I've tried (including but not limited to):

Can't seem to get past the cleaning steps:

samples <- read.csv("~/biosample_result_full.txt")
samples_split <- cSplit(samples, splitCols = sample$Colname, sep = "=")
samples_split$Attributes_1 <- gsub(" ", "_", samples_split$Attributes_1)
questions <- unique(samples_split$Attributes_1)

Ideally, each sample and associated metadata would be transformed into rows, with each "Attribute"/question as the column name.

This

Any help is greatly appreciated.


Solution

  • I see that the website you've linked to, allows fot the option to export data to xml. I strongly suggest to do so.
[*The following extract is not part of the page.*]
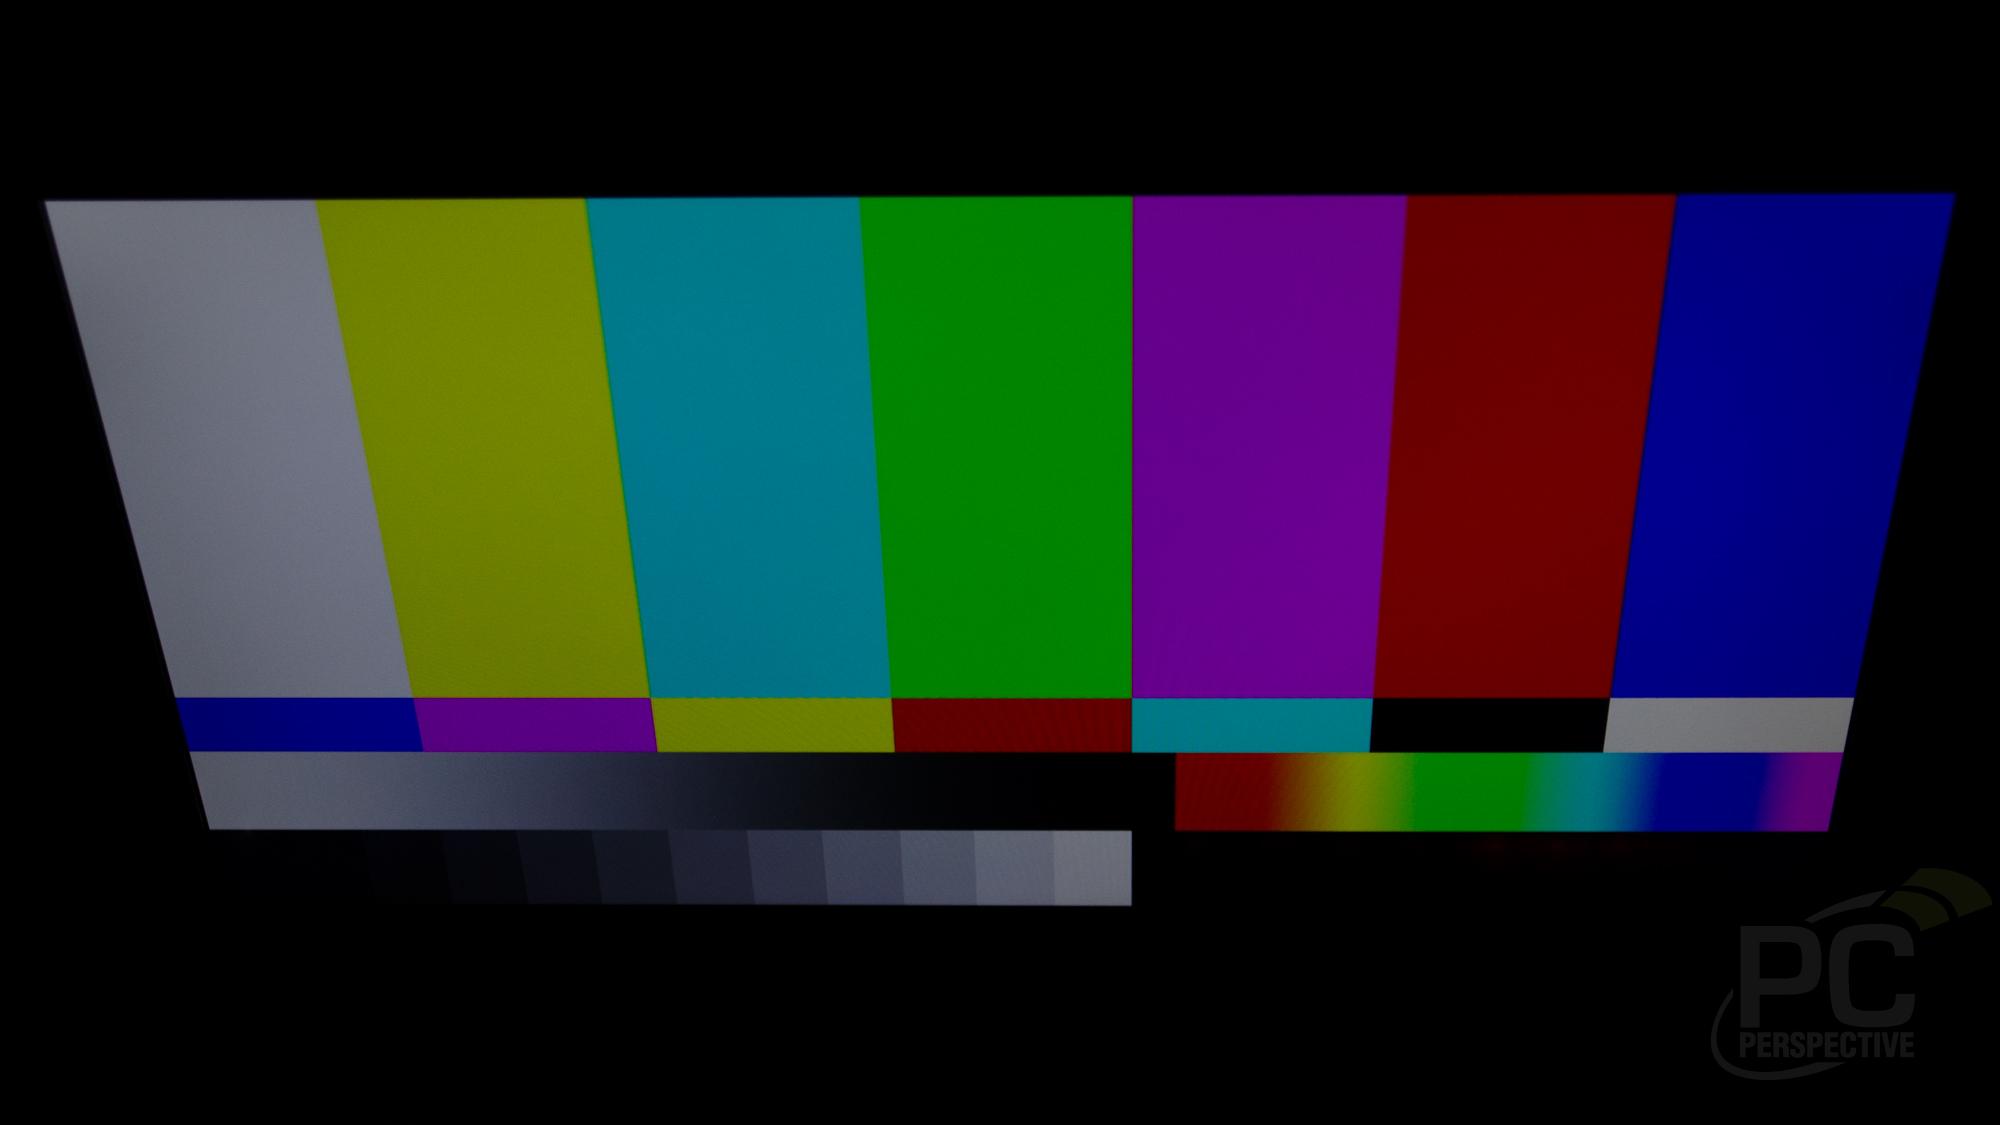 g72g-screen3.jpg

R can hande/parse xml-files very efficient.

    When I download the first three results from that site to a file biosample_result.xml , it's easy to process using the xml2-package

    library( xml2 )
    library( magrittr )
    
    doc <- read_xml( "./biosample_result.xml")
    #gret all BioSample nodes
    BioSample.Nodes <- xml_find_all( doc, "//BioSample")
    #build a data.frame
    data.frame( 
      sample_name = xml_find_first( BioSample.Nodes , ".//Id[@db='SRA']") %>% xml_text(),
      stringsAsFactors = FALSE )
    
    #   sample_name
    # 1  ERS2609990
    # 2  ERS2609989
    # 3  ERS2609988
    

    So if you can use the XML, you will just have to use the right xpath-syntax to get the data/nodes you need, into the columns you want...
    In the exmaple above, I extracted (from each BioSample-node) the first ID-node with attribute db equals SRA, and stored the result in the co0lumn sample_name.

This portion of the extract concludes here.